If that sticker causes you breathing problems, remember that’s similar to what you’d spend on a Porsche 911 Carrera S Cabriolet. We’re in fairly rarefied air here. And once you’ve taken the top down—an exercise which takes less than seven seconds, the fastest on the market, Aston claims—you experience a lot of rarified air.

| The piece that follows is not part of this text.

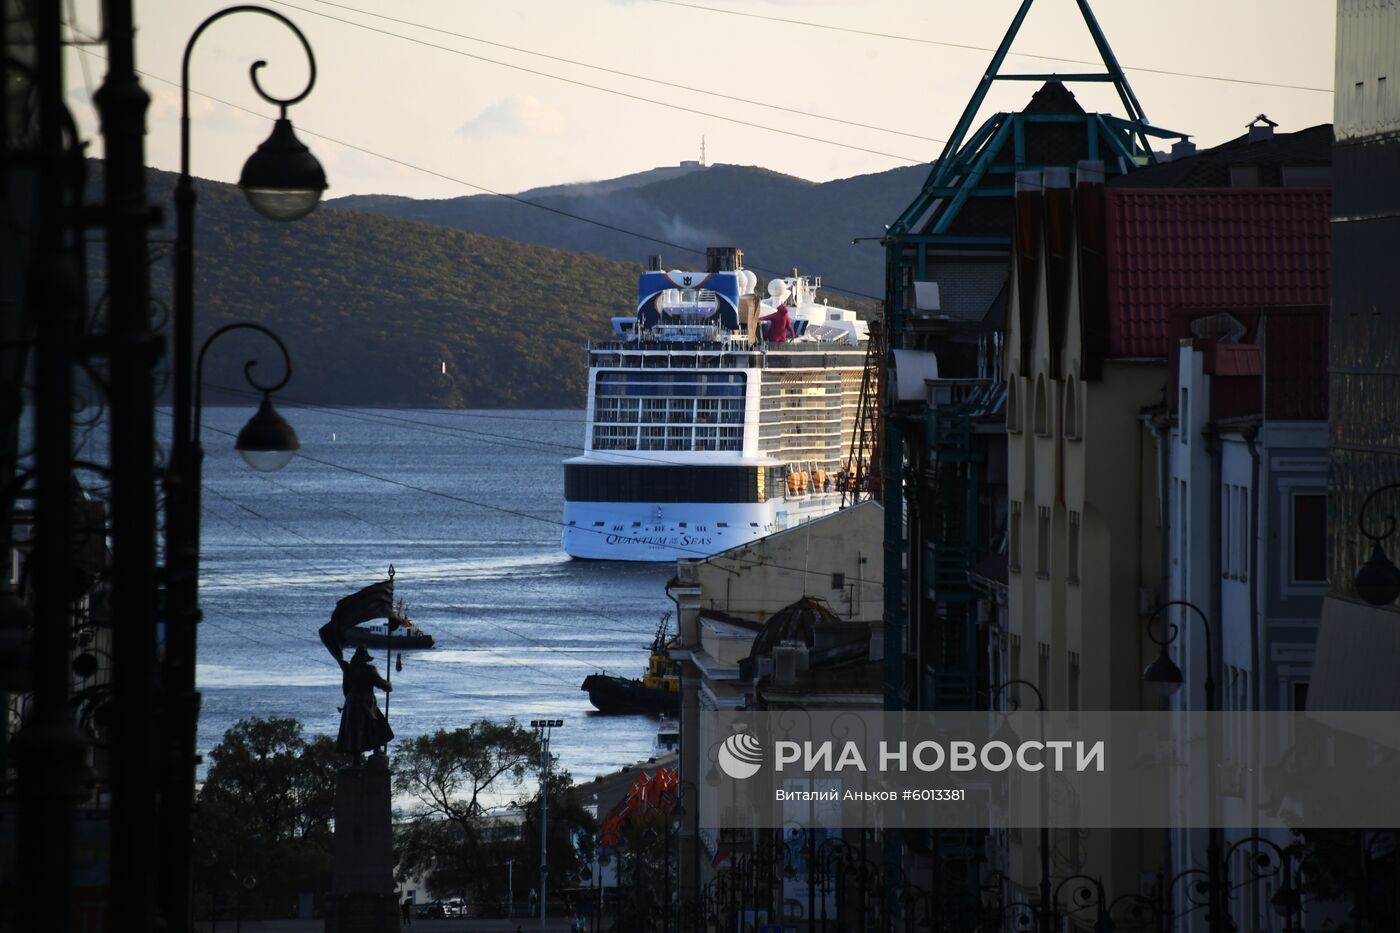 Гигантский круизный лайнер Quantum of the Seas прибыл в порт Владивостока
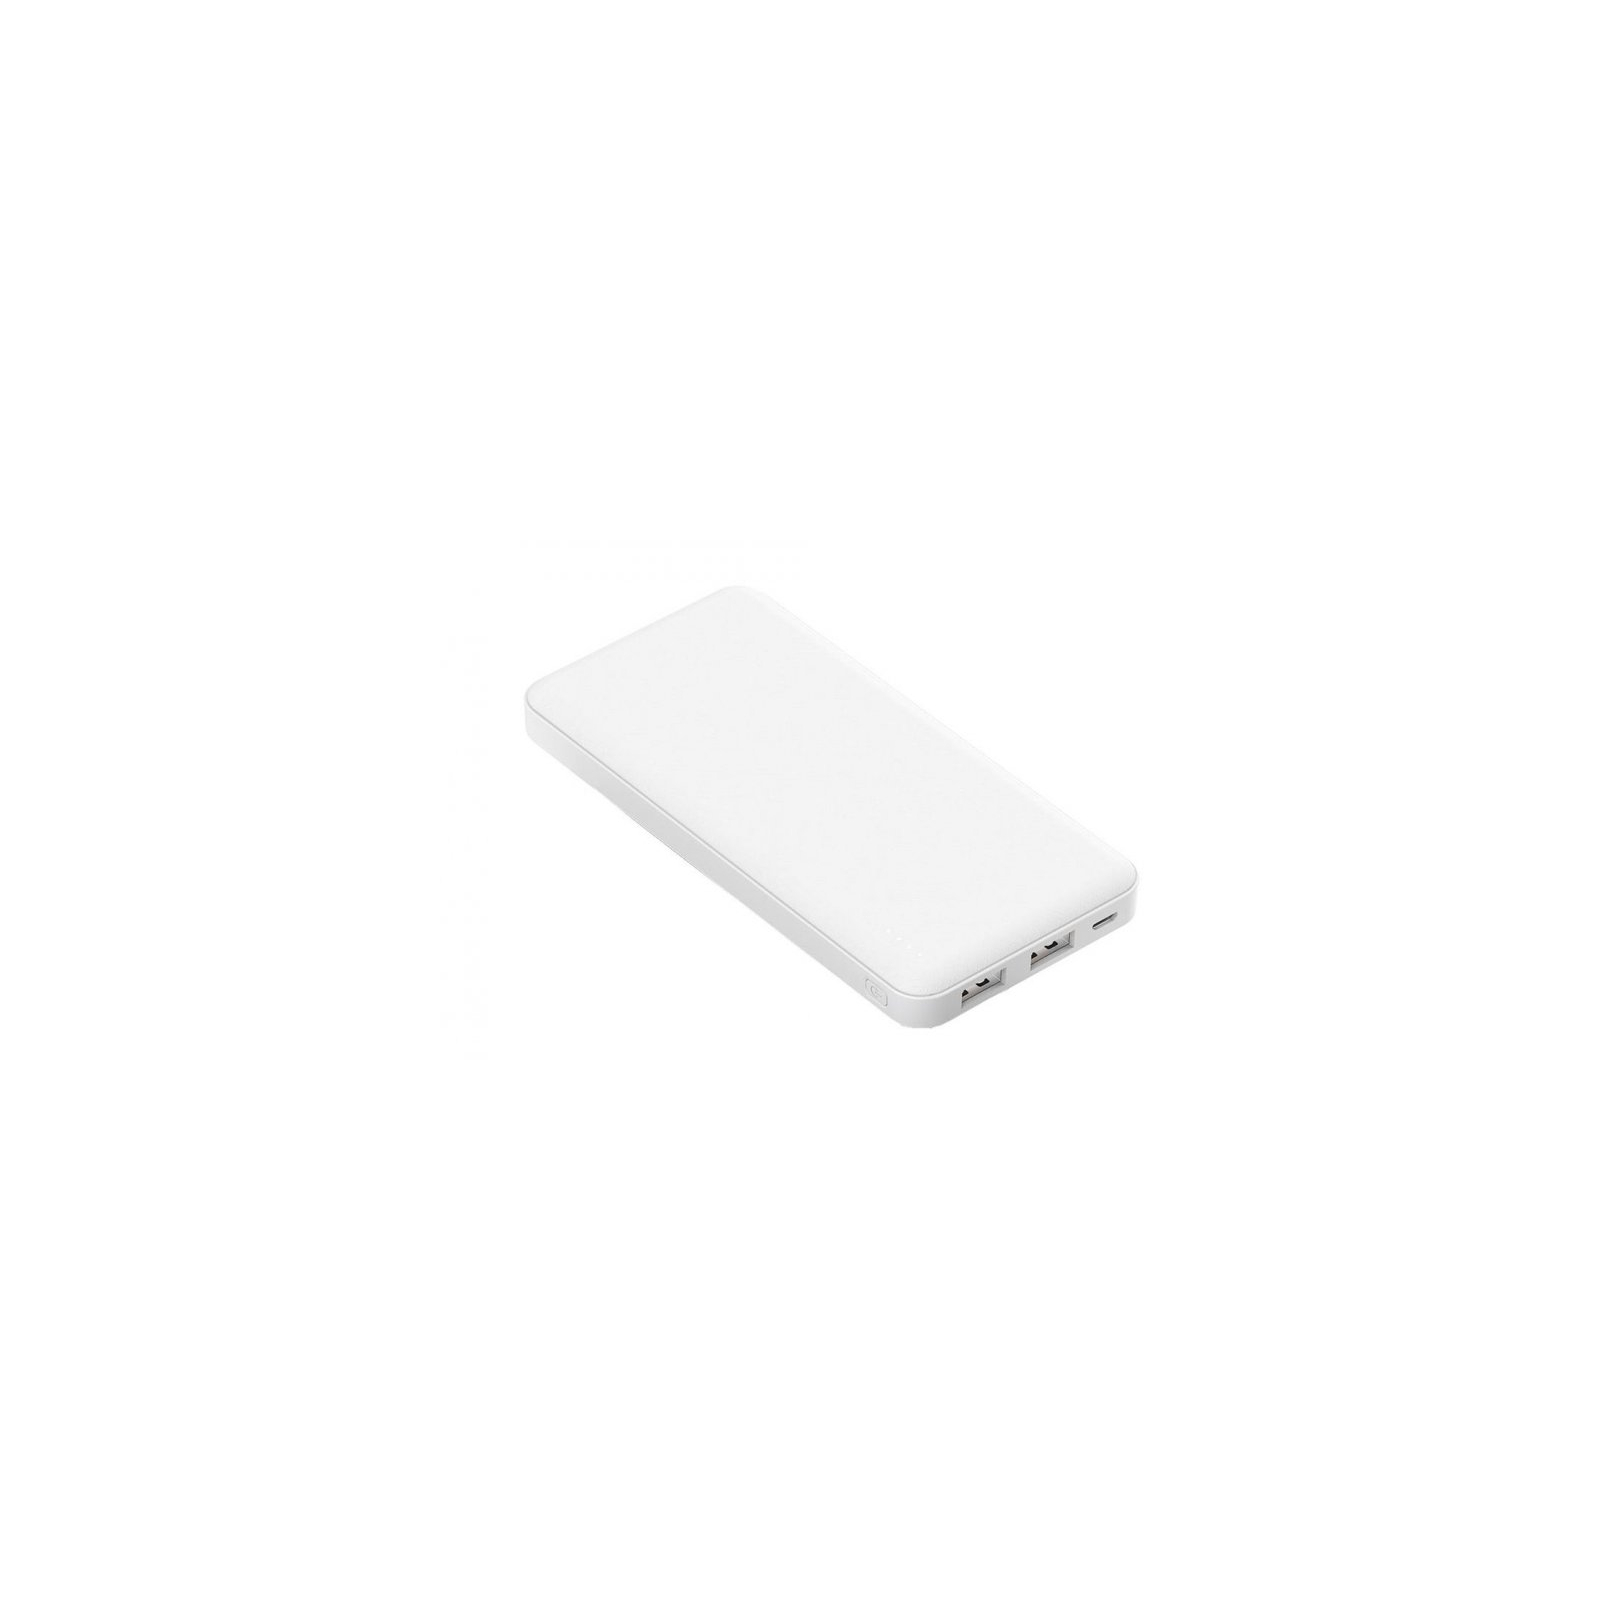 Батарея универсальная Blow 20000mAh, inp:Micro-USB(5V/2A), out:USB-A*2(5V/2,4A max), white (PB20C) изображение 3

Aston Martin Vantage Roadster Group US

Behind the wheel of the Vantage Roadster

Mash the throttle in Sport+ mode, and the 4-liter twin-turbo V8 is pushed to its 7,700-rpm redline, close to which you can hear the exhaust’s pop and crackle slap against the pile foundations of an elevated overpass. The engine, like much of this car’s powertrain and tech, is borrowed from Mercedes-AMG, tailored and tuned to 503 horsepower. Out in the boondocks, it’s clear that the pairing works—and proves even more entertaining in open air. Seated low in the cockpit, you grip the squared-off wheel tighter and tighter with every blind turn, and the chassis—slightly shorter than a 911’s—seems to shrink around you.

After that workout, when you’re catching a breath at a traffic light, a guy walking across the crosswalk glances and gives a thumbs-up, no eye contact needed. He knows what it is. Call it the Aston cachet. That said, the Roadster’s not perfect. Its eight-inch touchscreen seems reverse-engineered into the instrument panel rather than part of it. The infotainment system has some Bluetooth hiccups. But, well, once you look at the thing, let alone drive it, you get over those pretty easy. It’s the healthy thing to do.